"White Blood Cell Chases Bacteria... It is a neutrophil chasing Staphylococcus aureus". For more details see "how neutrophils work"* at the end of the post.
It's good practice to make clear any assumptions or definitions so here's a brief introduction to how white blood cells function:
The immune system, which responds to an invading pathogen, is an intricate system of defense mechanisms designed to block and destroy any foreign substance entering the body. It is made up of many cells, which help it to perform its function... White blood cells fight infections, and protect our body from foreign particles, which includes harmful germs, and bacteria.
The immune system is an example of a complex information filtering and processing system. It's intricate design, superb pattern matching, and cheap disposable resilience has evolved to enable our survival. The features I'm most interested in are the advanced filtering technique and dispersed nature of our white blood cells.
Filtering and Motive Abilities Combined
Work done by Ronen Alon and Ziv Shulman has shown tiny leg like structures that sprout from the white blood cell as it moves through tissue.
Rather than sticking front and back, folding and extending to push itself forward, the cell creates numerous tiny 'legs' no more than a micron in length - adhesion points, rich in adhesion molecules (named LFA-1) that bind to partner adhesion molecules present on the surface of the blood vessels. Tens of these legs attach and detach in sequence within seconds - allowing them to move rapidly while keeping a good grip on the vessels' sides.
Next, the scientists turned to the Institute's Electron Microscopy Unit. Images produced by scanning and transmission electron microscopes, taken by Drs. Eugenia Klein and Vera Shinder, showed that upon attaching to the blood vessel wall, the white blood cell legs 'dig' themselves into the endothelium, pressing down on its surface. The fact that these legs - which had been thought to appear only when the cells leave the blood vessels - are used in crawling the vessel lining suggests that they may serve as probes to sense exit signals.
The researchers found that the shear force created by the blood flow was necessary for the legs to embed themselves. Without the thrust of the rushing blood, the white blood cells couldn't sense the exit signals or get to the site of the injury. These results explain Alon's previous findings that the blood's shear force is essential for the white blood cells to exit the blood vessel wall. The present study suggests that shear forces cause their adhesion molecules to enter highly active states. The scientists believe that the tiny legs are trifunctional: Used for gripping, moving and sensing distress signals from the damaged tissue.
The closest macro analogy I can compare to white blood cell sensing is smell. Sharks have long used their fantastic smell to track miniscule concentrations of blood in water to find their prey. In a similar way, chemotaxins meet the surface of the white blood cells for coarse direction, and pseudopod extensions for zeroing in, guiding the white blood cell towards invaders (bacteria, etc). White blood cells are own little army of sharks.
Why should a dataminer/founder like myself care? The following question gets to the heart of my interest:
How can modern information tools better mimick our master filters?
Surface matching requires "information structures" as well as an internal database of patterns. A flow of information is also needed to cause the surface filters to interact with the information. Both coarse (hashing) and high fidelity solutions can work in tandem to help filter out noise.
Perhaps an even closer analogy, is security software. The same immune system principles can be leveraged to identify and eradicate invaders. There we seek intruder patterns which are being actively designed.
how neutrophils work:
Neutrophils are the most common granulocyte. They have segmented nuclei, typically with 2 to 5 lobes connected together by thin strands of chromatin which can be difficult to see; the cell may thus appear to have multiple nuclei. The nuclear chromatin is condensed into coarse clumps. Small numbers of immature neutrophils or band form neutrophils may be seen in a blood smear. These are incompletely segmented and often have a 'C-shaped' nucleus.

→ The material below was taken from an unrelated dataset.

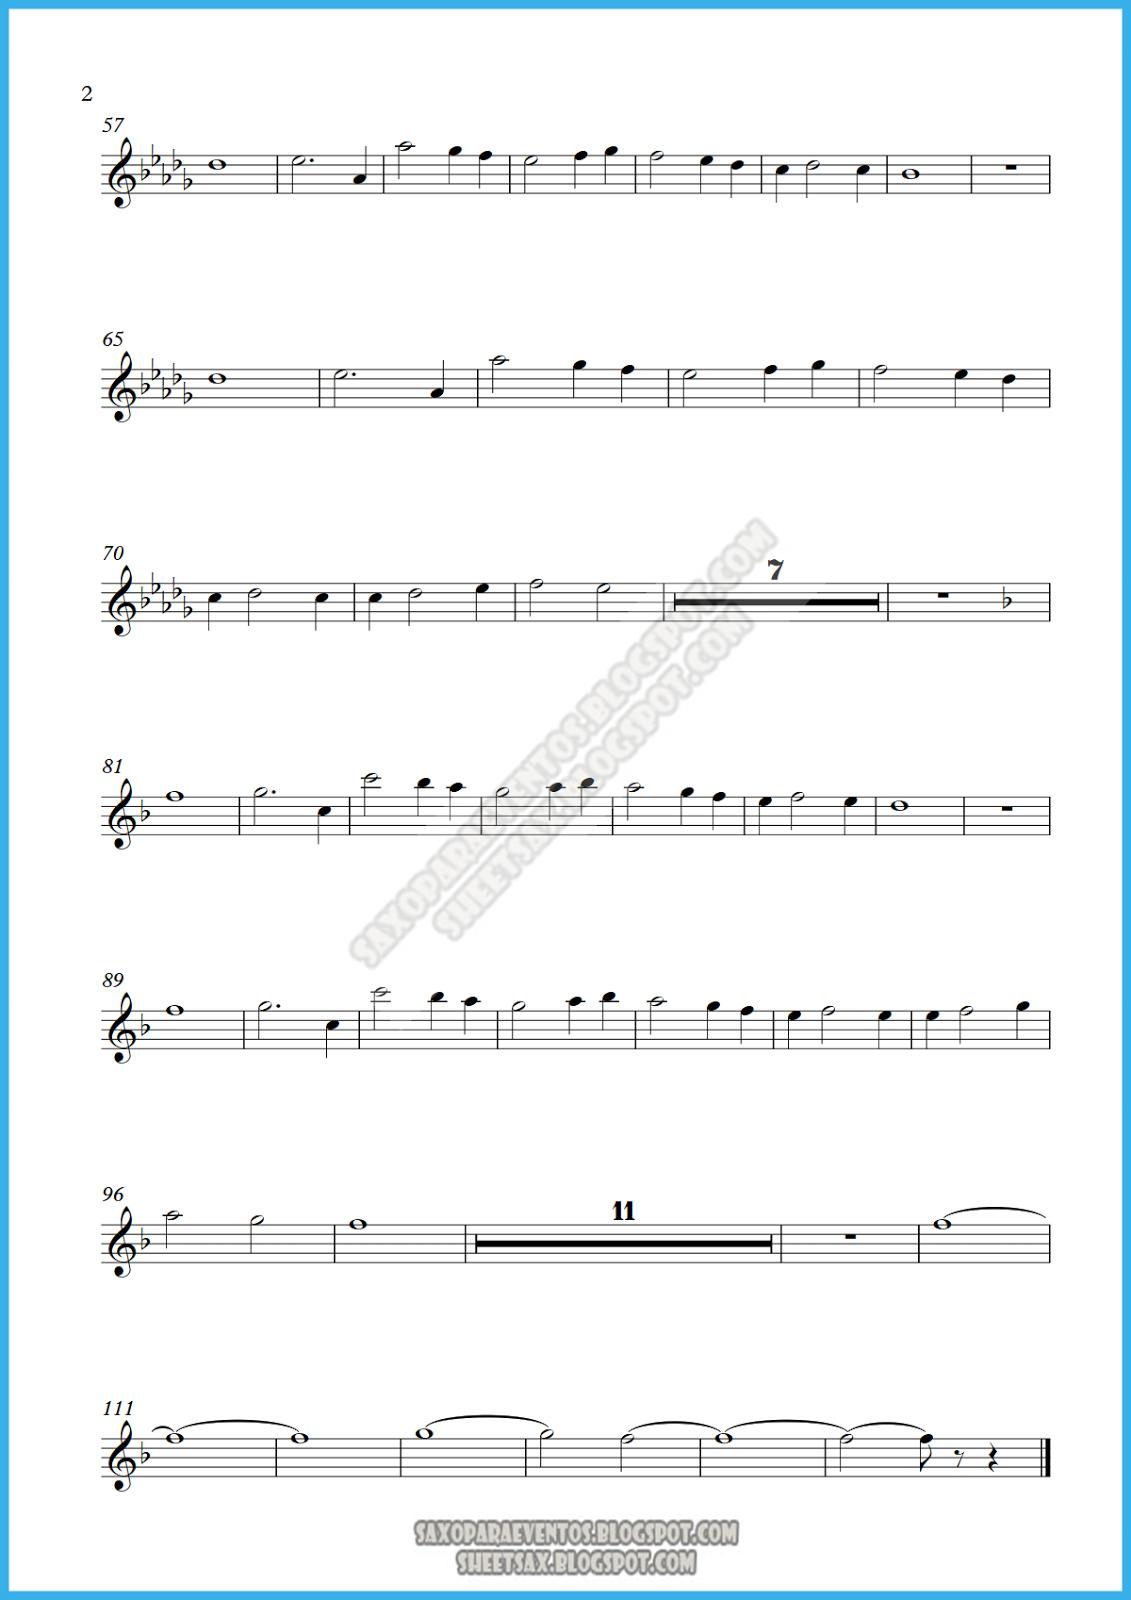 http://3.bp.blogspot.com/-X4QTKLo5Zeg/UUR-gjIrgyI/AAAAAAAADnU/Y-EzPEkjt_w/s1600/My+Heart+Will+Go+On+by+Celine+Dion+music+score+-+alto+sax+clarinet+trumpet+corn+fagot_0002.png

The cytoplasm of neutrophils contains three types of granule.
Primary granules are non-specific and contain lysosomal enzymes, defensins, and some lysozyme. The granules are similar to lysosomes. They stain aviolet colour when prepared with Wright's stain which is commonly used in studying the blood. The enzymes produce hydrogen peroxide which is a powerful anti-bacterial agent.
Secondary granules are specific to neutrophils and stain light pink ('neutral stain'). They contain collagenase, to help the cell move through connective tissue, and lactoferrin, which is toxic to bacteria and fungi.
Tertiary granules have only recently been recognised. It is thought that they produce proteins which help the neutrophils to stick to other cells and hence aid the process of phagocytosis.
Once in the area of infection neutrophils respond to chemicals (called chemotaxins which are released by bacteria and dead tissue cells) and move towards the area of highest concentration. Here they begin the process of phagocytosis in which they engulf the offending cells and destroy them with their powerful enzymes. Because this process consumes so much energy the neutrophils glycogen reserves are soon depleted and they die soon after phagocytosis. When the cells die their contents are released and the remnants of their enzymes cause liquefaction of closely adjacent tissue. This results in an accumulation of dead neutrophils, tissue fluid and abnormal materials known as pus.